米・イラン戦争でデータセンターが攻撃対象に

米・イラン戦争によってアマゾン・ウェブ・サービス(AWS)の中東データセンターが相次いで攻撃を受け、クラウド依存リスクとデータ主権の問題が注目を集めている。国家間の紛争においてクラウドインフラが主要な標的になり得ることが確認されたことで、各国が「ジオパトリエーション(地政学的移転)」戦略に乗り出すとの見方が強まっている。
8日、海外メディアとAWSなどによると、アラブ首長国連邦(UAE)とバーレーンにあるAWSのデータセンター3拠点がイラン・イスラム革命防衛隊の攻撃を受け、大きな損傷を受けた。これにより、現地の金融ソフトウェアやアプリケーションが正常に動作しなくなり、混乱が続いているとされる。
サーバーや各種インフラを集約したデータセンターの運営と大規模なデータ管理能力が不可欠であるため、クラウドサービスはアマゾン、マイクロソフト(Azure)、グーグルといった大手テック企業が提供している。多くの企業や国家がこれらのクラウドに依存しているが、現在のような地政学的緊張が高まる局面では、その高い依存度が紛争と無関係な国や企業にまで影響を及ぼしかねない。例えば、米財務省がイラン関連機関への制裁に踏み切れば、米クラウド事業者はイランと関連するサービスを停止しなければならない。中東地域のクラウドを基盤とするサービスやデータが人質に取られるリスクも排除できない。AWSのようにデータセンターが直接攻撃を受けるケースはなおさらだ。
リスクは戦時に限らない。米捜査機関は「クラウド法(CLOUD Act)」に基づき、犯罪やテロ捜査などを理由に自国企業が保有するデータへのアクセスが可能だ。他国の機関や企業がグーグルやAWSのクラウドに保管している情報も、米司法当局が閲覧できる。米国本土以外の海外データセンターに保存されていても、運営会社が米国法人であれば情報が開示される可能性がある。

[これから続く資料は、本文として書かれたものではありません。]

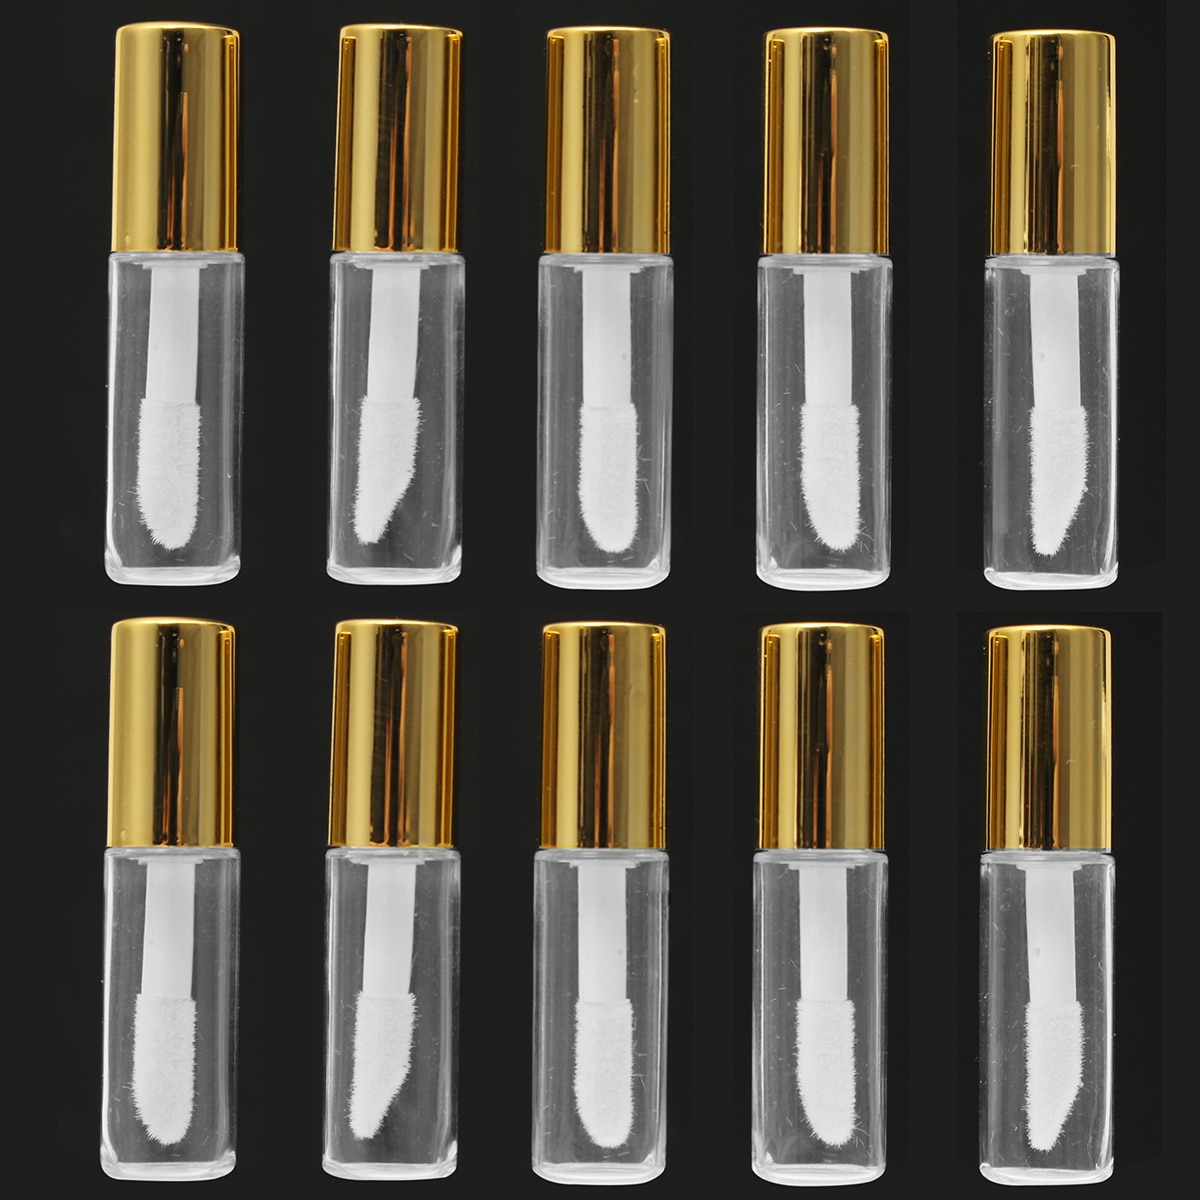 10 Stuks 1.2 ML Lege Transparante PE Lipgloss Tubes Plastic Lippenbalsem Buis Lippenstift Mini Sample Cosmetische Container Met Goud Cap

市場調査会社ガートナーが今年の戦略技術トレンドとして「ジオパトリエーション」を選定したのも、こうした背景からだ。ジオパトリエーションとは、地政学(Geopolitical)と本国送還(Repatriation)を組み合わせた造語で、データやサービスの運用基盤を海外クラウドから自国インフラへ移転する戦略を指す。欧州では戦争以前から動きが見られていた。昨年、デンマークとドイツの一部州政府がマイクロソフトのクラウド利用を停止し、ベルギーは連邦政府独自のクラウド戦略とデータセンターの現状分析を進めている。ガートナーは、欧州・中東企業のうち自国または近隣のクラウドへデータを移転する割合が、2030年には75%を超えると予測している(昨年は5%未満)。米・イラン戦争がこの流れをさらに加速させるとの見方も出ている。
ただし、グローバルなクラウド企業の技術的安定性を考慮すると、ジオパトリエーションへの移行は容易ではないとする見方もある。高麗大学技術経営専門大学院のイ・ソンヨプ教授は、「技術力やインフラの面で、クラウド市場における米国中心の構造が短期間で崩れるのは難しい」と述べたうえで、「重要度に応じてデータを分散配置するマルチクラウド戦略の検討も必要だ」と指摘した。